◆ Task statement ◆
Reproduce the entries below exactly, but only from the line containing "divided into 24" to the line containing "Cristiano Ronaldo 4k", inclusive.

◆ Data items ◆
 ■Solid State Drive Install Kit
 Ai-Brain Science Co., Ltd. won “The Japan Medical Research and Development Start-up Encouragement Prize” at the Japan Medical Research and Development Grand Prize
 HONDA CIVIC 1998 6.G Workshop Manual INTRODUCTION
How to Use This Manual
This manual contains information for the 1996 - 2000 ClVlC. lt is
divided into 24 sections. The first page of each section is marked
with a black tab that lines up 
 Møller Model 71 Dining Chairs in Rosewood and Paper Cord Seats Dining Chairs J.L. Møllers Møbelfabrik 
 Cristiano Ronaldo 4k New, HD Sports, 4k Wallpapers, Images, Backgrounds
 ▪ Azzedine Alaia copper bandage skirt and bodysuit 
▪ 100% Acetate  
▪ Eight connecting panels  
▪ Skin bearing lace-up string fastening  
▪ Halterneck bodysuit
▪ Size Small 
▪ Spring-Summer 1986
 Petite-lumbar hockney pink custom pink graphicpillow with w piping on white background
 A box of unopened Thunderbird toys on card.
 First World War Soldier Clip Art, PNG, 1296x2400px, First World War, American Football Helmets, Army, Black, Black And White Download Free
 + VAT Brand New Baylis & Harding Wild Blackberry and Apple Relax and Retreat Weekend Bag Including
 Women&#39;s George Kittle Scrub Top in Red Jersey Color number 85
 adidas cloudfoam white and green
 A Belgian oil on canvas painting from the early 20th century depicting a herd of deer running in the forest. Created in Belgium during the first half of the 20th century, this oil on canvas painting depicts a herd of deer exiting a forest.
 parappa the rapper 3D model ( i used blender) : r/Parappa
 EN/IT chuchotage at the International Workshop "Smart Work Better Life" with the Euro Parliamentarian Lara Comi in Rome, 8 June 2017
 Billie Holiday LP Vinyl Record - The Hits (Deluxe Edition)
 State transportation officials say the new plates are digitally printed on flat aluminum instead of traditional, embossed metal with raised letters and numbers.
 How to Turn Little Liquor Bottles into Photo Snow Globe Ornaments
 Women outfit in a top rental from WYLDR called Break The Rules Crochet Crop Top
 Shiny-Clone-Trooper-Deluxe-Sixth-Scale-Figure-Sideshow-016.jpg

◆ Written answer ◆
divided into 24 sections. The first page of each section is marked
with a black tab that lines up 
 Møller Model 71 Dining Chairs in Rosewood and Paper Cord Seats Dining Chairs J.L. Møllers Møbelfabrik 
 Cristiano Ronaldo 4k New, HD Sports, 4k Wallpapers, Images, Backgrounds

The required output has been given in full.